Especialistas argentinos desarrollaron la primera vacuna del mundo que previene la diarrea viral bovina

vacasInvestigadores del INTA desarrollaron la primera vacuna experimental en el mundo que previene la diarrea viral bovina, una enfermedad que afecta a más del 70% de los rodeos en el país y que es una infección causada por un pestivirus que presenta varias formas clínicas que pueden provocar abortos, infertilidad, inmunosupresión y hasta problemas en las mucosas, lo que es mortal.

La vacuna está elaborada a partir de proteínas de alfalfa transgénica y este desarrollo permitirá proteger al rodeo de cría y trasladar esa respuesta inmune a los terneros. Además, su elaboración implica un procedimiento innovador y de bajo costo, explicaron los técnicos.

Andrés Wigdorovitz, investigador del INTA y responsable del logro, se refirió al avance como “una alternativa superadora de las vacunas que actualmente hay en el mercado, ya que es la primera fabricada a partir de este sistema, que permite producir la proteína E2 en cantidades suficientes y resulta más inmunogénica que las tradicionales”.

“Se trata de un producto que busca asegurar una inmunidad para mejorar los índices productivos de cría y de engorde que está pensado para aplicarse según el calendario tradicional de vacunación mediante dos dosis: a los 60 y 30 días pre-parto” remarcó el profesional, quien explicó que con estas aplicaciones “la vaca estará protegida pre-servicio cuando comience el ciclo reproductivo y se reforzará esa inmunidad pre-parto para que en su calostro haya anticuerpos suficientes para que sean transferidos a los terneros y prevenir afecciones respiratorias y reproductivas”.
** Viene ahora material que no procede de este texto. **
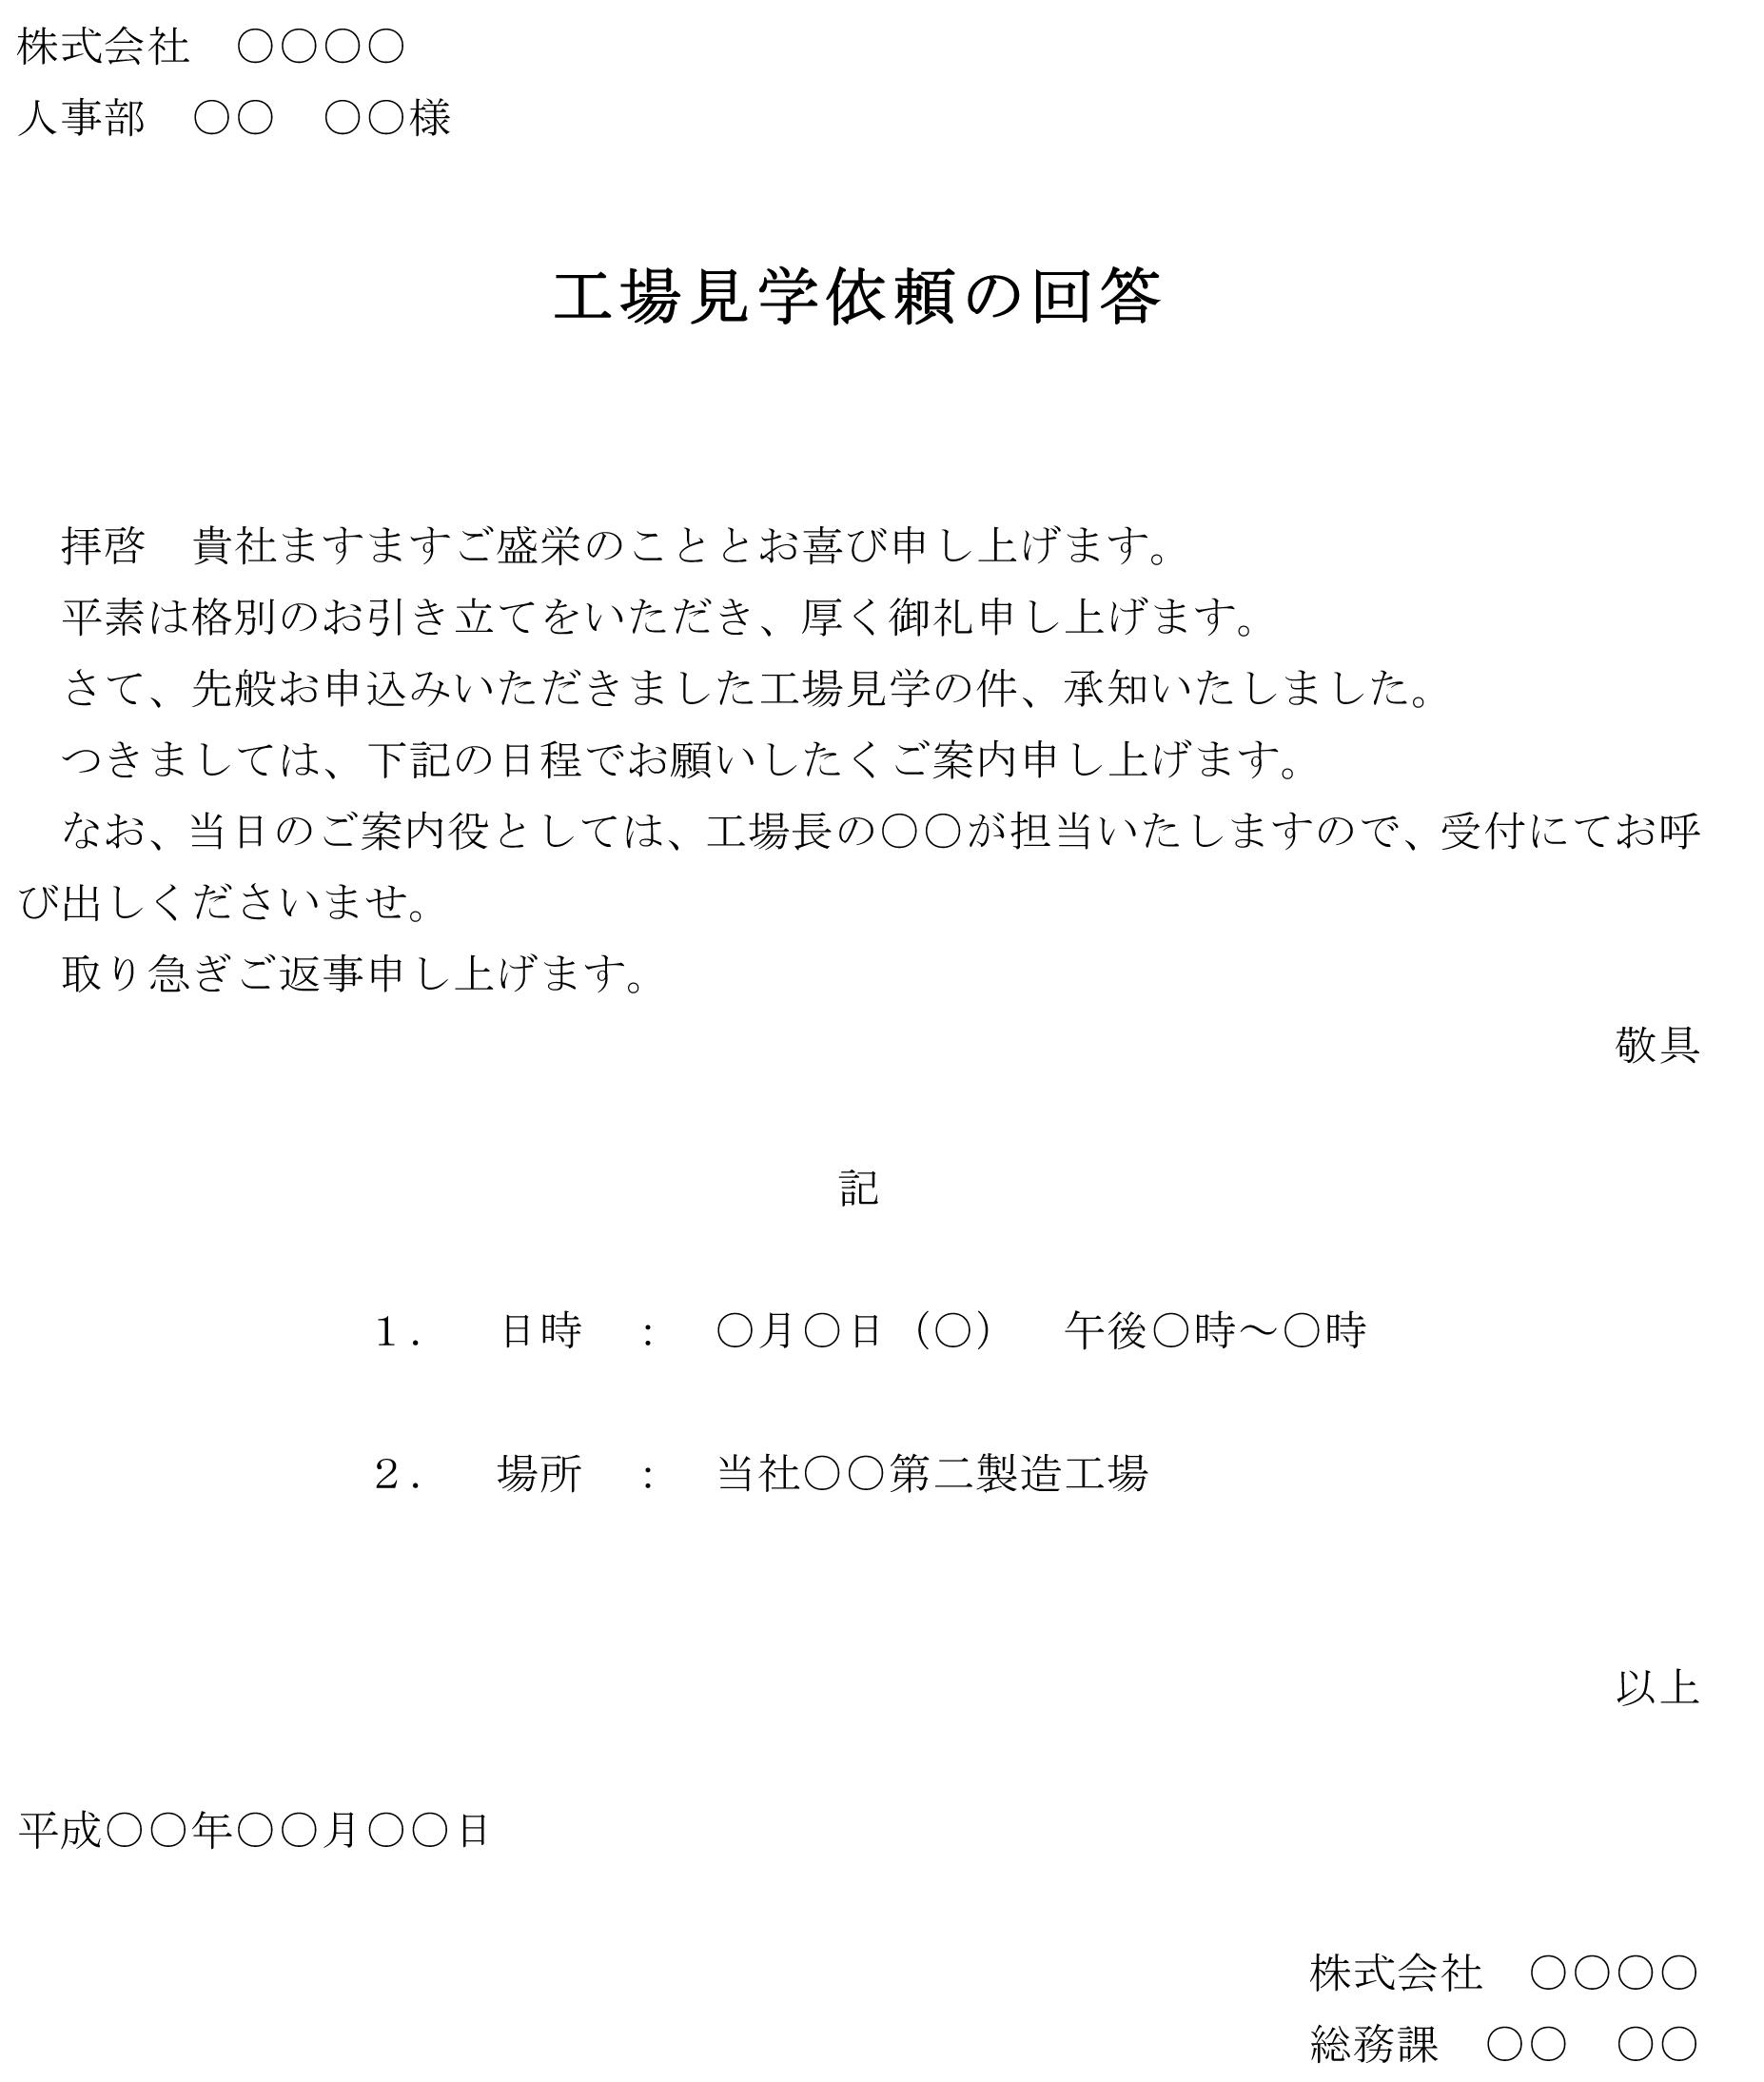 回答書(工場見学依頼)01

La DVB es preocupante por su alto nivel de contagio y su capacidad para traspasar las fronteras nacionales y ocasionar importantes consecuencias socioeconómicas y sanitarias en una región, ya que la infección es permanente y se transfiere de las vacas hacia las crías. La efectividad del desarrollo de la vacuna se evaluó en primera instancia en un modelo de cobayo validado por el SENASA que, por su asociación con el huésped natural, permite evaluar la calidad de las vacunas de interés. Luego se inoculó dos veces a terneros, con un intervalo de 4 semanas y 30 días más tarde fueron expuestos a ensayos experimentales que demostraron una protección virológica completa.

Actualmente, los investigadores trabajan para desarrollar la “vacuna ideal” que sea apropiada para combatir los tres genotipos del virus 1a, 1b y 2, ya que “si bien el primer genotipo ya está probado y escalado restaría concretar la vacuna completa para transferirla”, concluyó.el especialista.